На углу Фокке Симонсстрат мы остановились.
Я не люблю эту улицу — на ней большие мальчишки со скуки иногда швыряются камнями. Но на нее выходит отличный узкий переулочек — по нему можно выйти на канал Лейнбан и там вздохнуть с облегчением.
— Знаешь этот кривой переулок? — спросил я.
— Нет, — сказал Зван, — я не знаю этого кривого переулка.
— Это страшшшный переулок, это жу-у-уткий переулок, умрешь со страху, — сказал я. — Идем, пробежим по нему бегом.

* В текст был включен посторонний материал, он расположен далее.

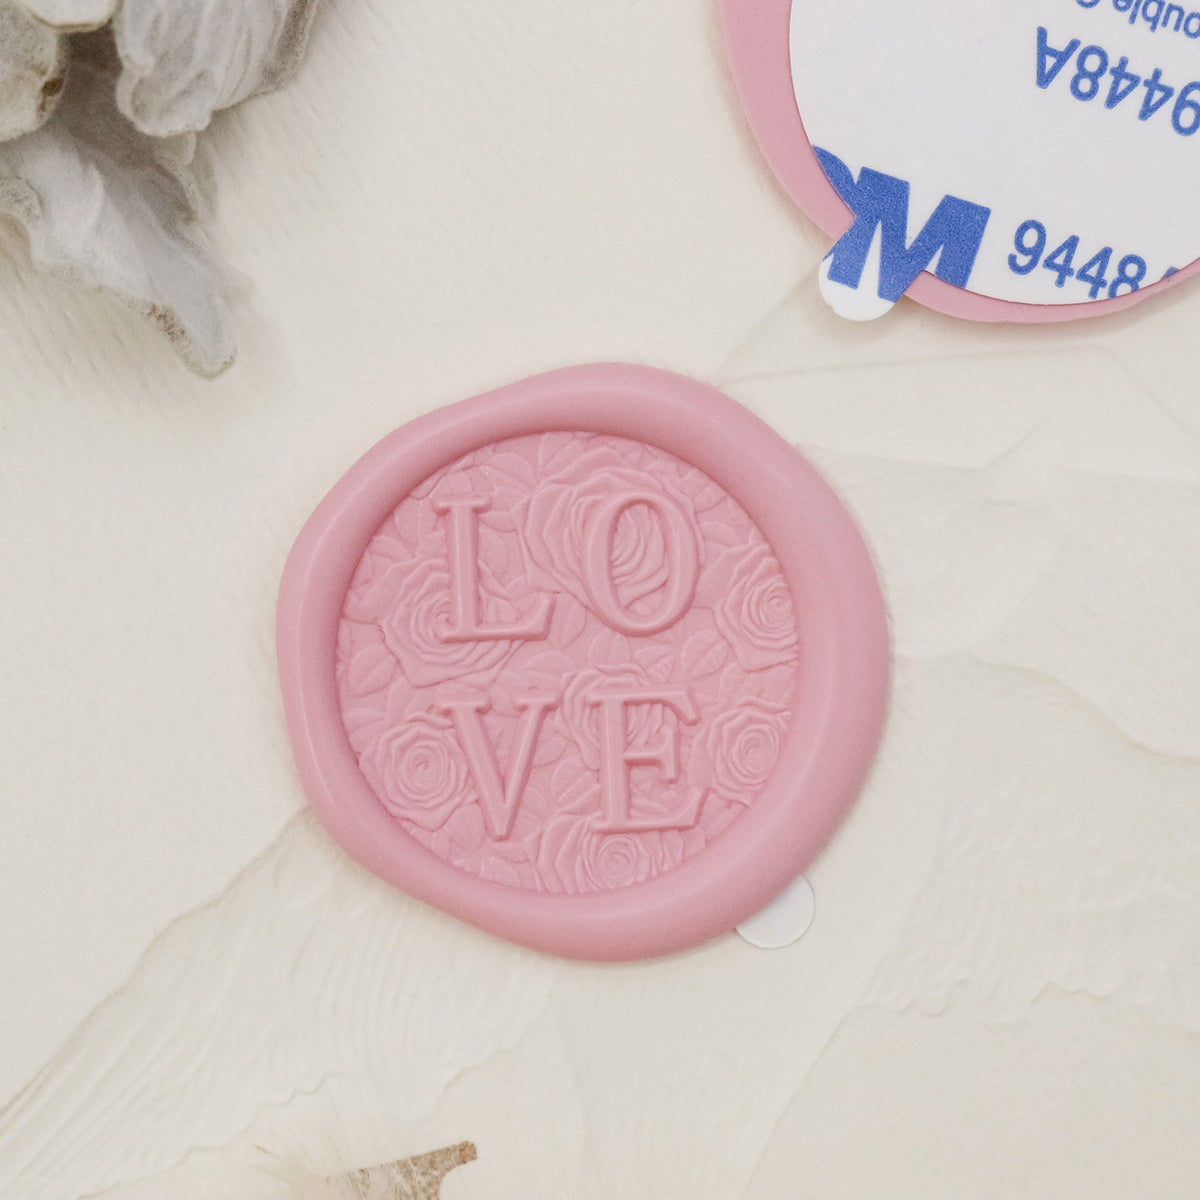 Stamprints 3D Relief Love Self-adhesive Wax Seal Stickers 1

— Какая в этом радость? — проворчал Зван. — На кой черт мне этот жуткий переулок, у меня и так хватает забот.
Мы свернули в переулок.
— Это даже не переулок, — сказал Зван, — это щель между домами.
Он положил руку мне на плечо — может быть, так ему было менее страшно.
— Не робей, Званчик, — сказал я, — ведь я с тобой!
Переулок делает несколько поворотов. Завернув за первый из них, я понял, что приходить сюда вообще-то не стоило. Перед нами стоял, прислонившись широкой спиной к грязной кирпичной стене, Олли Вилдеман.
Я резко остановился, Зван наткнулся на меня.
Олли Вилдеман кидал старый теннисный мяч в глухую стену, потом ловил его с безразличным видом одной рукой и бросал снова. Рядом с ним стоял незнакомый мальчишка, на голову выше Олли Вилдемана, который и сам был не маленький. Мальчишка тоже кидал о стену мячик. Казалось, они нас не видят. Но я-то все понял.
— Так, — сказал я Звану, — валим отсюда.
Незнакомый мальчишка уронил мячик, Олли Вилдеман поддал его ногой, и мяч медленно подкатился к нашим ногам. Зван наклонился и хотел бросить мяч обратно.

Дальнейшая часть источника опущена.